Instructions for the task:
All that is needed is an exact repetition of the lines from the one containing "Plain coloured tea" through the final line of the material, without pictures.

Supplied material:
========

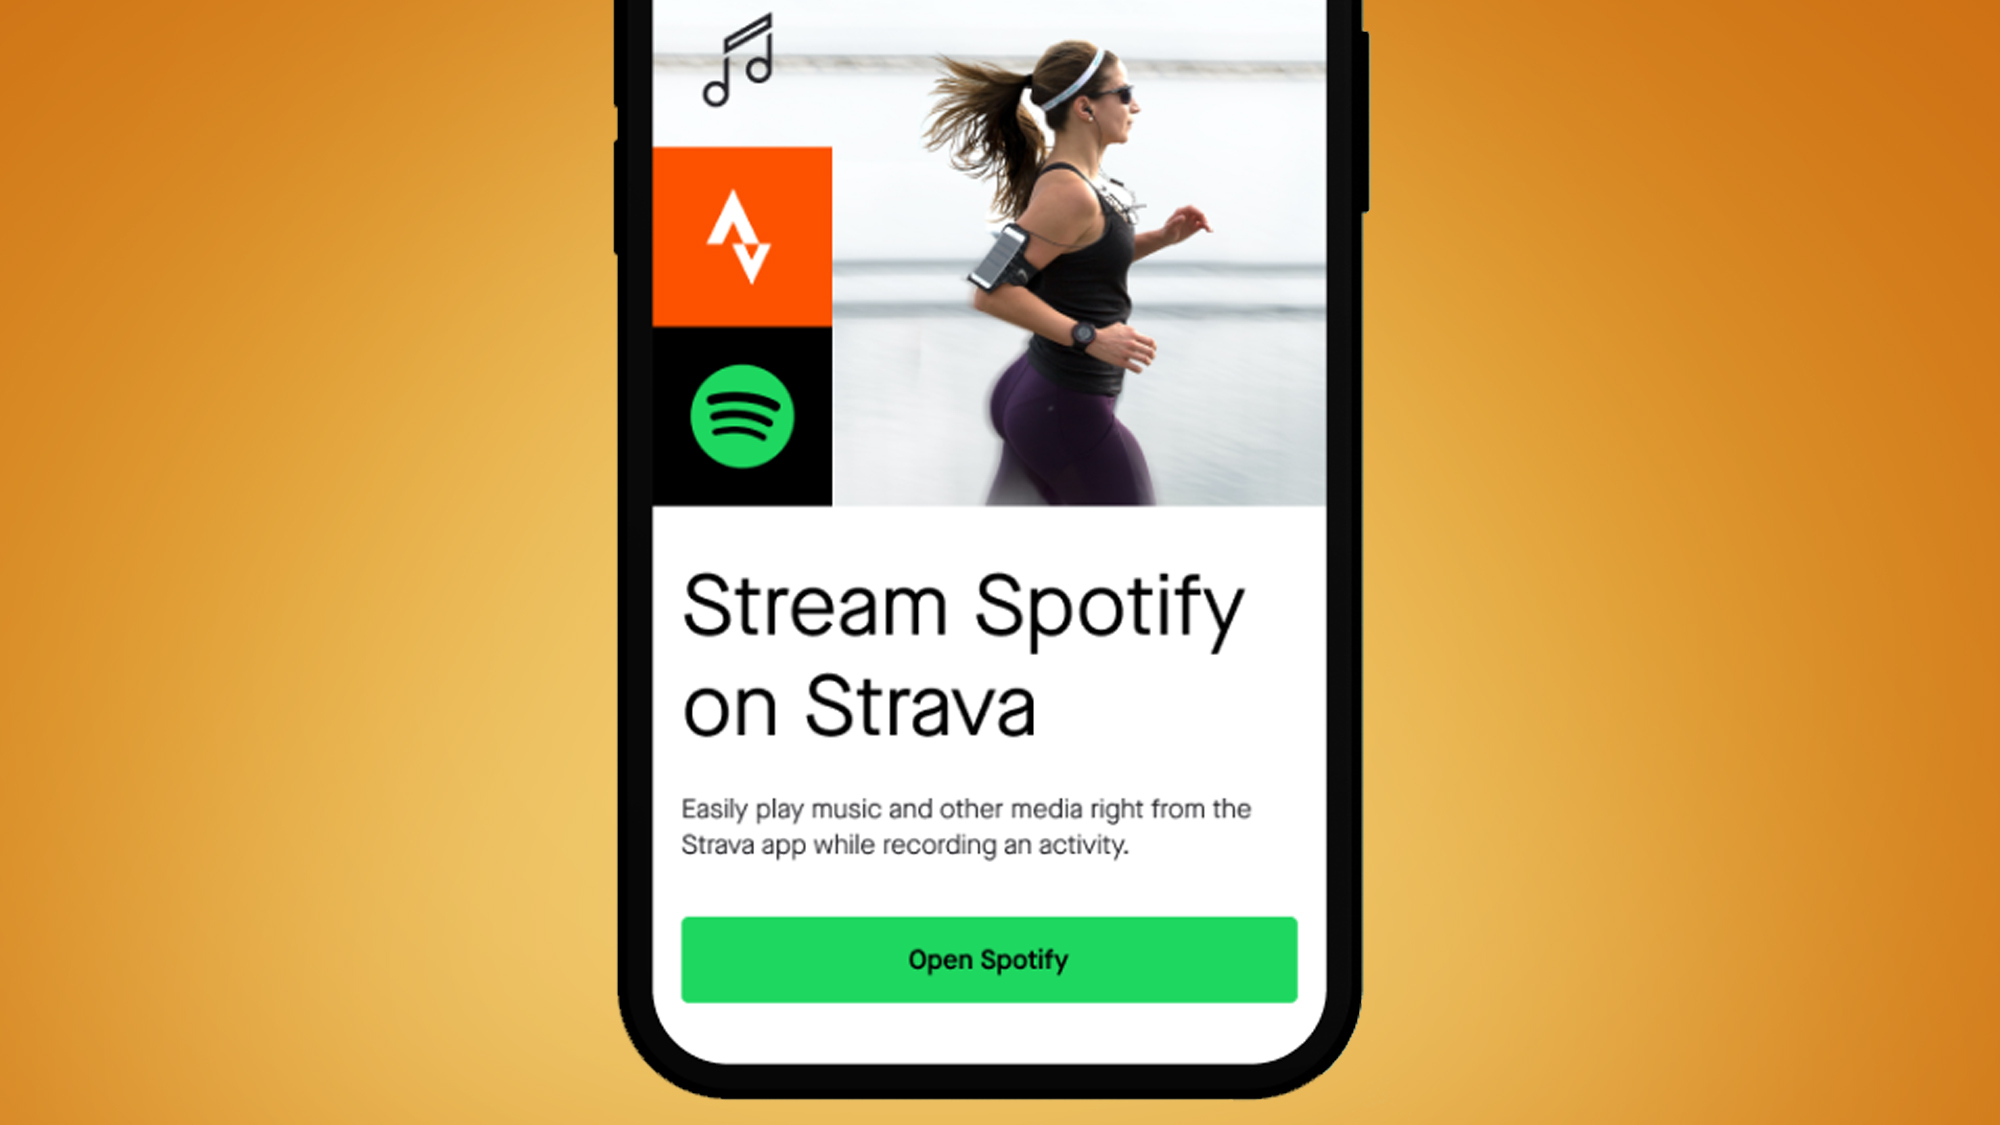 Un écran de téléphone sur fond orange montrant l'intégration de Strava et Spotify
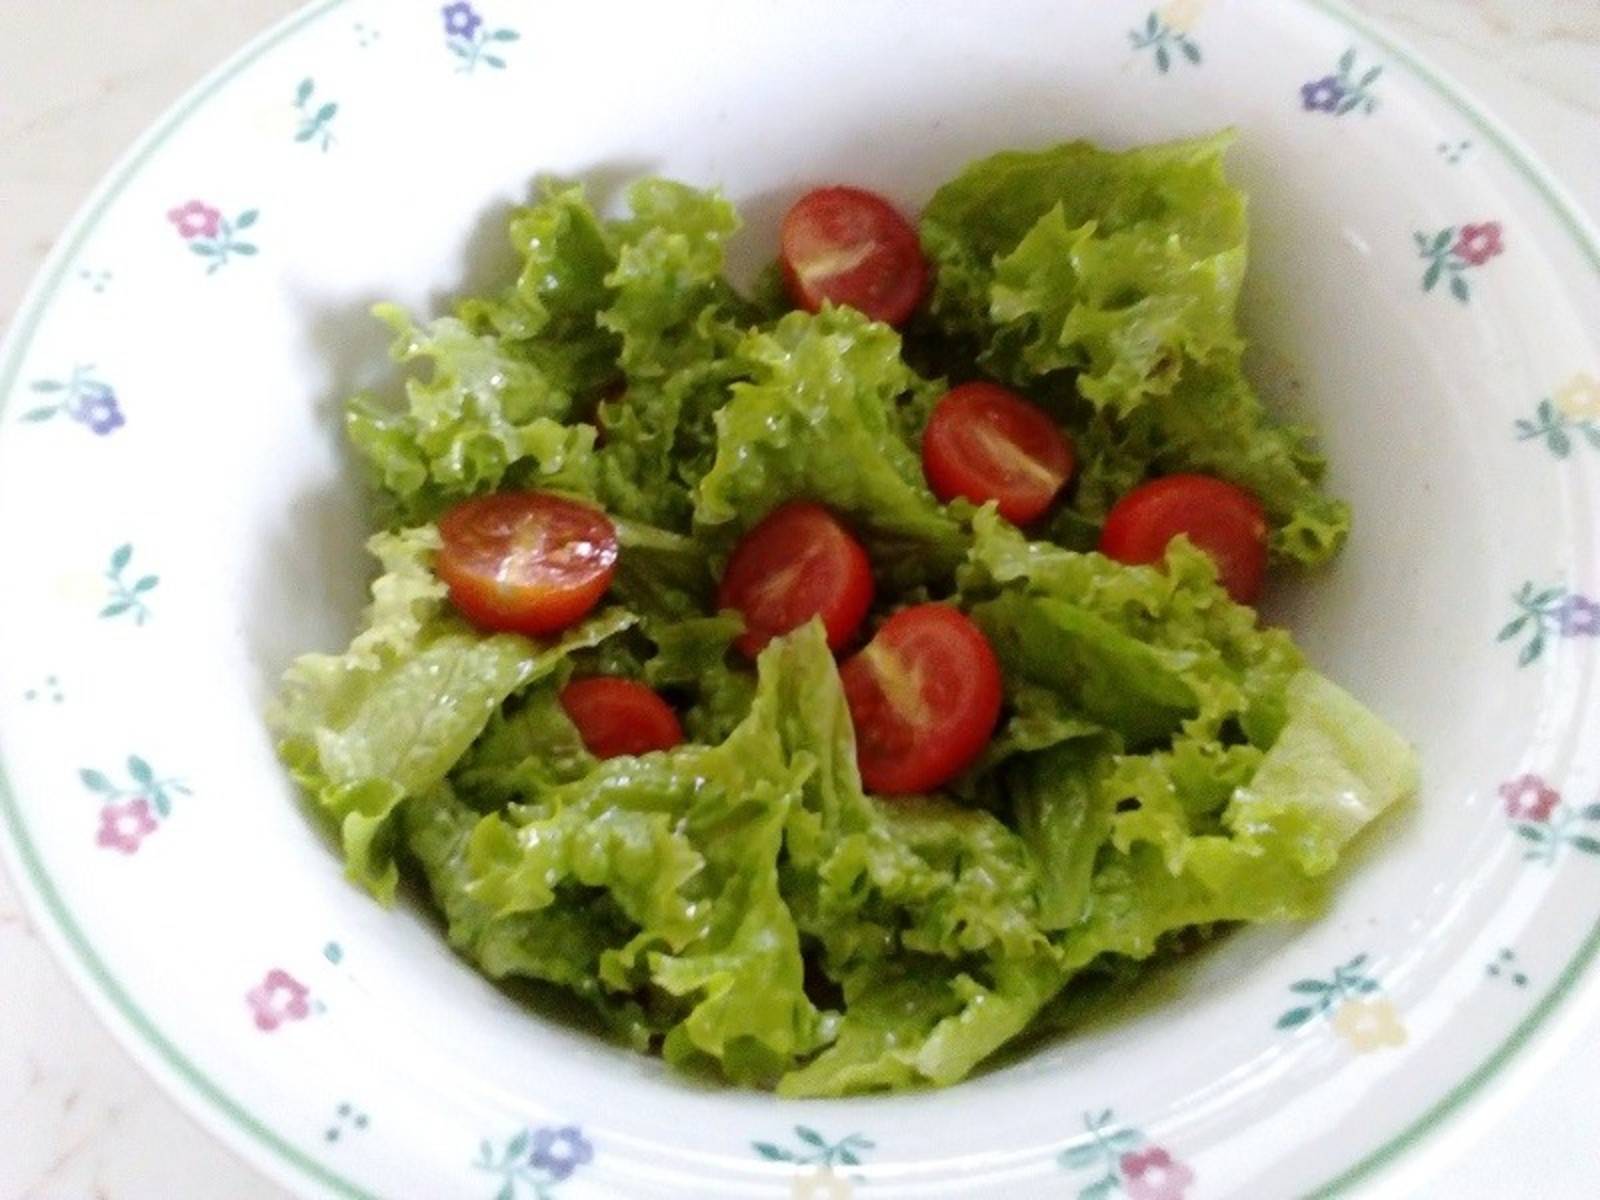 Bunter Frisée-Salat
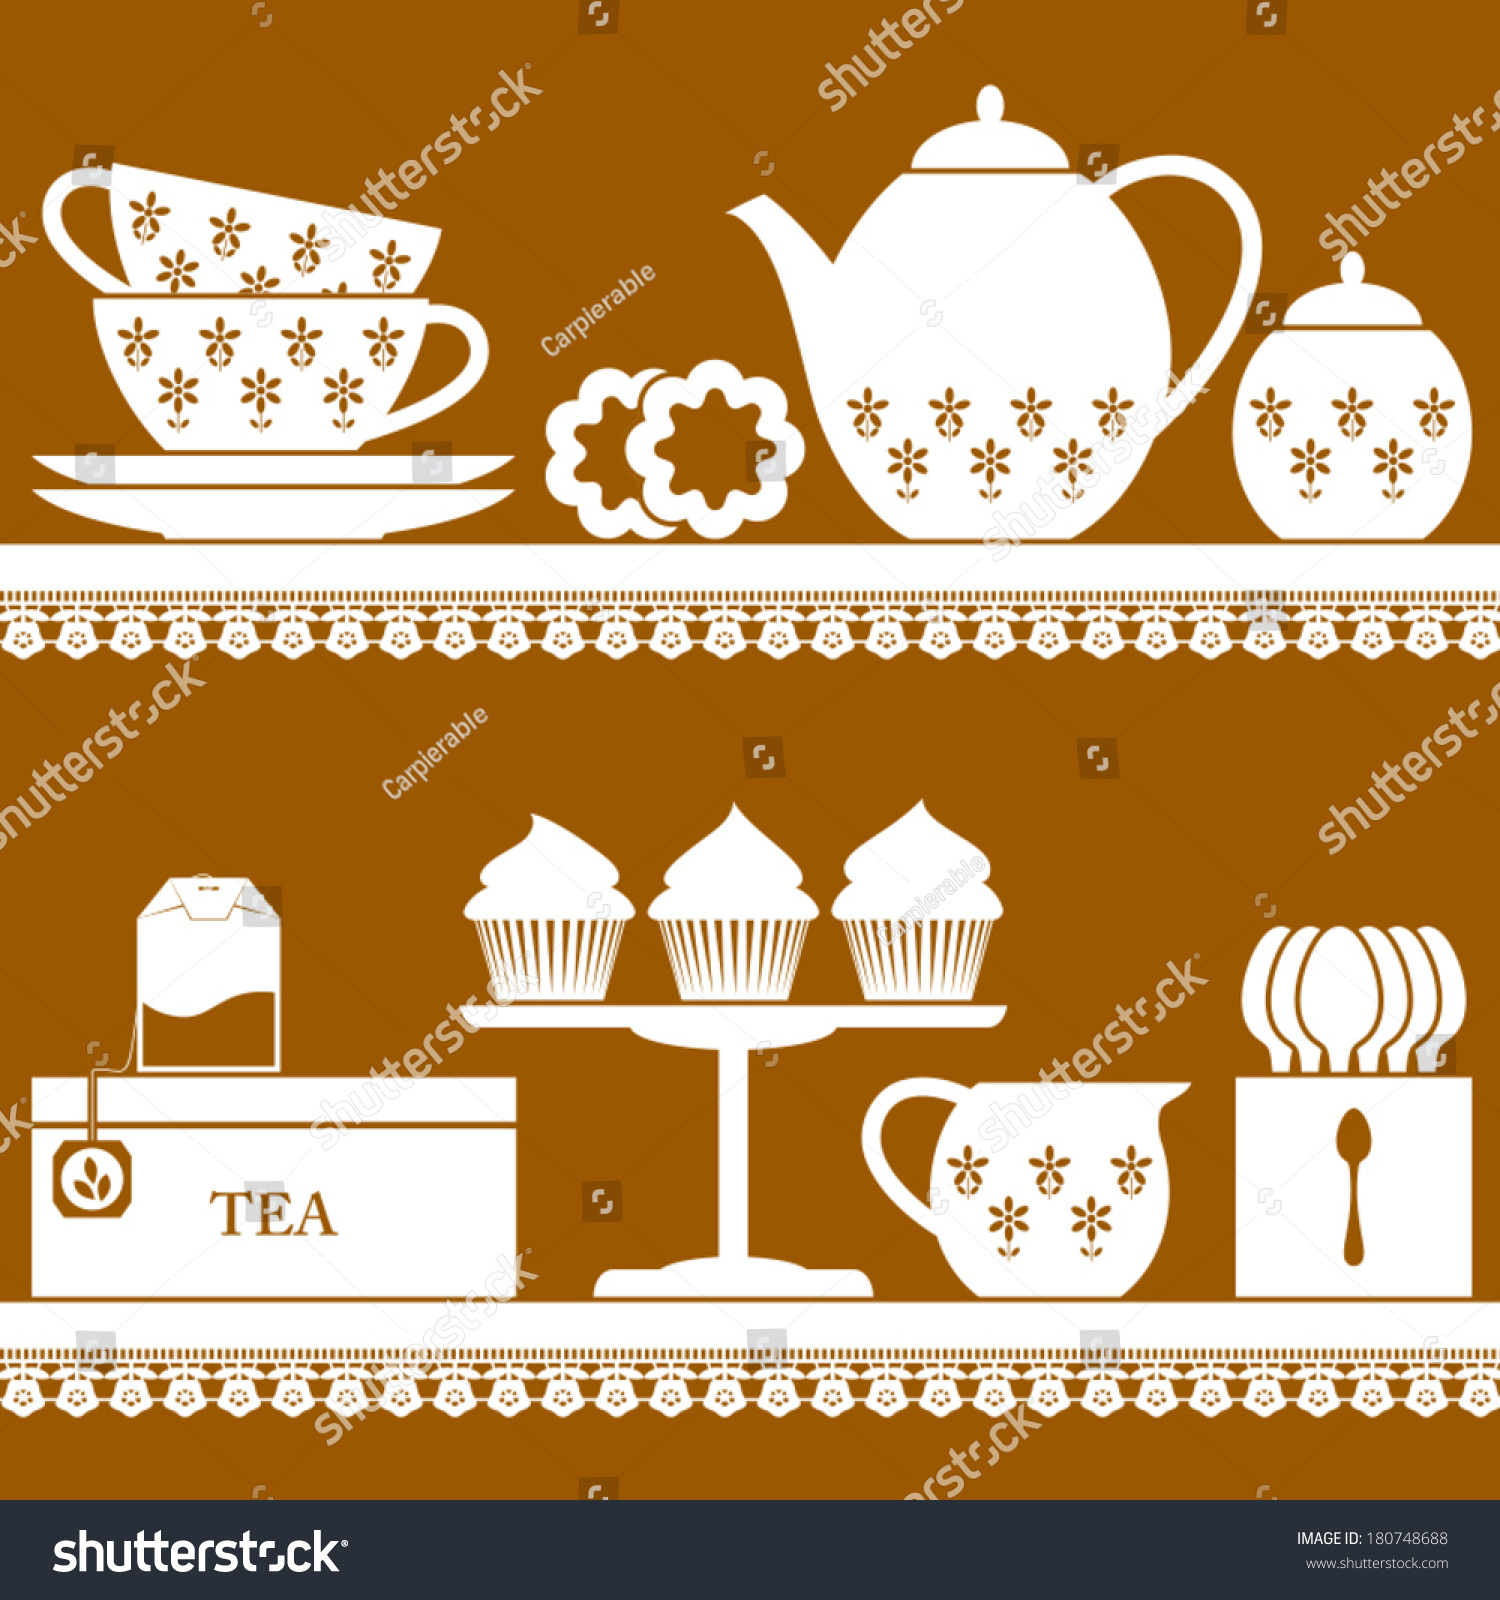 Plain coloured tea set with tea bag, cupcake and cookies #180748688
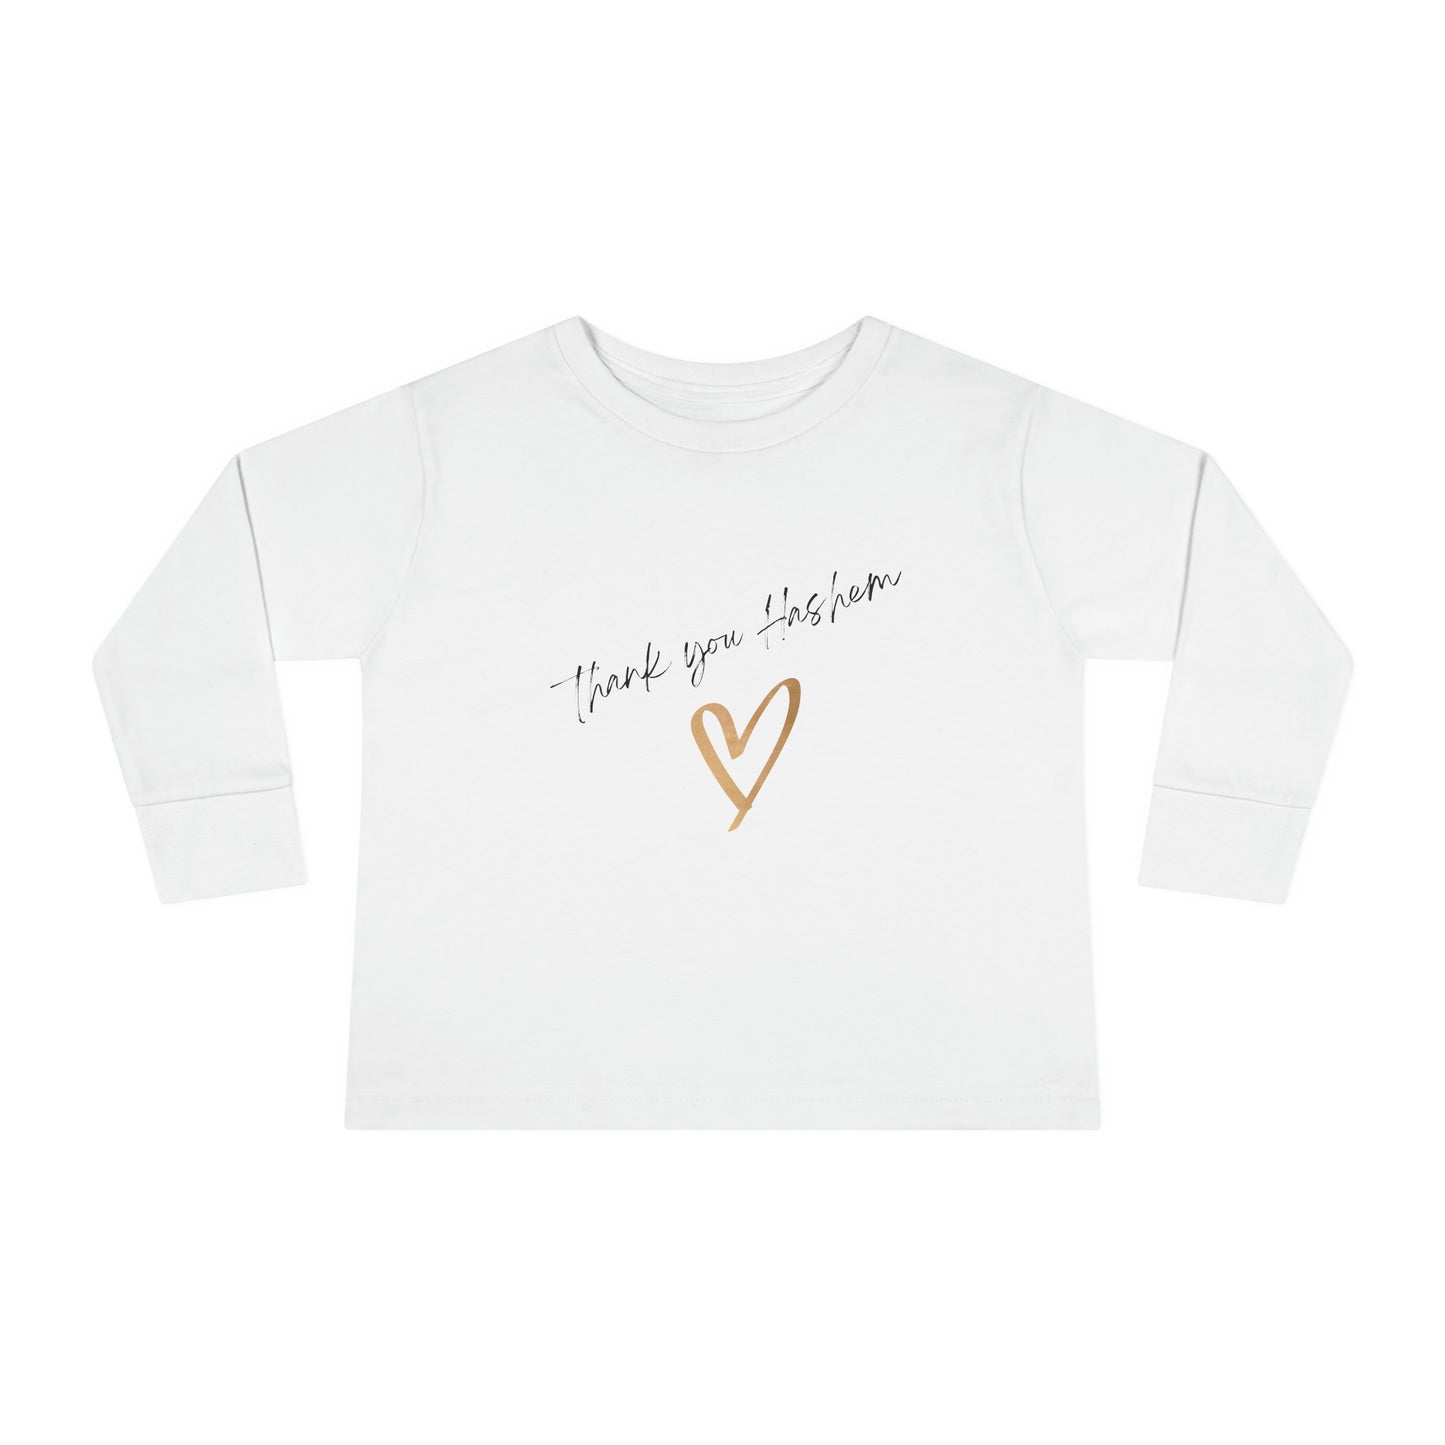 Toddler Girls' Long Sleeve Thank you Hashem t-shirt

========

Reply:
 Plain coloured tea set with tea bag, cupcake and cookies #180748688
 Toddler Girls' Long Sleeve Thank you Hashem t-shirt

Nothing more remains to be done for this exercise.